Using the example above, you would set permissions as follows:

  1. First set the quota for the Dispatcher’s role (dispatcher):

    cat dispatcher-quota.json
    {
      "role": "dispatcher",
      "guarantee": [
        {
          "name": "cpus",
          "type": "SCALAR",
          "scalar": { "value": 5.0 }
        },
        {
          "name": "mem",
          "type": "SCALAR",
          "scalar": { "value": 5120.0 }
        }
      ]
    }
    

    If you have downloaded the CA certificate,dcos-ca.crt to your local machine from the https://<dcos_url>/ca/dcos-ca.crt endpoint, set the quota from your local machine:

    curl -X POST --cacert dcos-ca.crt -H "Authorization: token=$(dcos config show core.dcos_acs_token)" $(dcos config show core.dcos_url)/mesos/quota -d @dispatcher-quota.json -H 'Content-Type: application/json'
    
  2. Optionally, set the quota for the executors using the same settings as above:

    cat executor-quota.json
    {
      "role": "executor",
      "guarantee": [
        {
          "name": "cpus",
          "type": "SCALAR",
          "scalar": { "value": 100.0 }
        },
        {
          "name": "mem",
          "type": "SCALAR",
          "scalar": { "value": 409600.0 }
        }
      ]
    }
    
  3. If you have not already done so, set the quota from your local machine. For example, assuming you have dcos-ca.crt locally:

    curl -X POST --cacert dcos-ca.crt -H "Authorization: token=$(dcos config show core.dcos_acs_token)" $(dcos config show core.dcos_url)/mesos/quota -d @executor-quota.json -H 'Content-Type: application/json'
    
  4. Install Spark with these minimal configuration settings:

    {
        "service": {
                "service_account": "spark-principal",
                "role": "dispatcher",
                "user": "root",
                "service_account_secret": "spark/spark-secret"
        }
    }
    
  5. Now you are ready to run a Spark job using the principal you set and the roles:

    dcos spark run --verbose --submit-args=" \
    --conf spark.mesos.principal=spark-principal \
    --conf spark.mesos.role=executor \
    --conf spark.mesos.containerizer=mesos \
    --class org.apache.spark.examples.SparkPi http://downloads.mesosphere.com/spark/assets/spark-examples_2.11-2.0.1.jar 100"
    

Setting spark.cores.max

To improve Spark job execution reliability, set the maximum number of cores consumed by any given job. This avoids any particular Spark job from consuming too many resources in a cluster. It is highly recommended that each Spark job be submitted with a limitation on the maximum number of cores (CPUs) it can consume. This is especially important for long-running and streaming Spark jobs.

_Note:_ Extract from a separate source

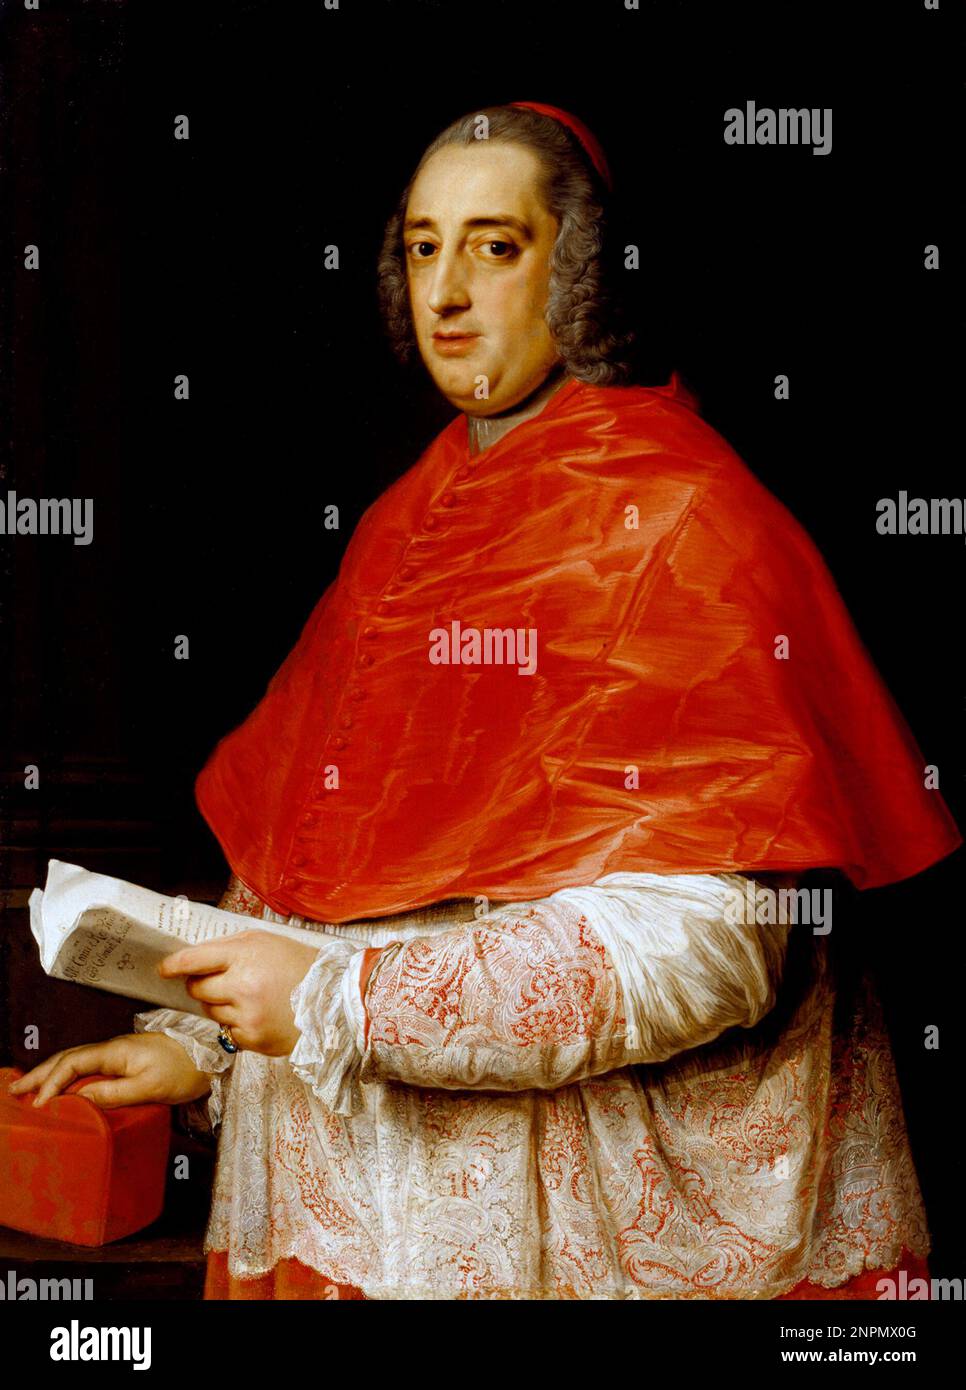 Colonna di Sciarra, Prospero Colonna di Sciarra (1707 – 1765) cardinal italien de la famille des ducs de Carbognano. Peinture de Pompeo Batoni Banque D'Images

dcos spark run --verbose --name=spark --submit-args="\
--driver-cores=1 \
--driver-memory=1024M \
--conf spark.cores.max=8 \ #<< Very important!
--class org.apache.spark.examples.SparkPi \
http://downloads.mesosphere.com/spark/assets/spark-examples_2.11-2.0.1.jar 3000"

When running multiple concurrent Spark jobs, consider setting spark.cores.max between <total_executor_quota>/<max_concurrent_jobs> and <total_executor_quota>, depending on your workload characteristics and goals.

Fine-grained mode (deprecated)

NOTE: Fine-grained mode has been deprecated and does not have all of the features of coarse-grained mode.

In “fine-grained” mode, each Spark task is represented by a single Mesos task. When a Spark task finishes, the resources represented by its Mesos task are relinquished. Fine-grained mode enables finer-grained resource allocation at the cost of task startup latency.

  • Executor memory: spark.executor.memory
  • Executor CPUs: Increases and decreases as tasks start and terminate.
  • Number of Executors: Increases and decreases as tasks start and terminate.
  • Executors per agent: At most 1

Properties

The following is a description of the most common Spark scheduling properties on Mesos. For a full list, see the Spark configuration page and the Spark on Mesos configuration page.

property default description
spark.mesos.coarse true Described above.
spark.executor.memory 1g Executor memory allocation.
spark.executor.cores All available cores in the offer Coarse-grained mode only. DC/OS Apache Spark >= 1.6.1. Executor CPU allocation.
spark.cores.max unlimited Maximum total number of cores to allocate.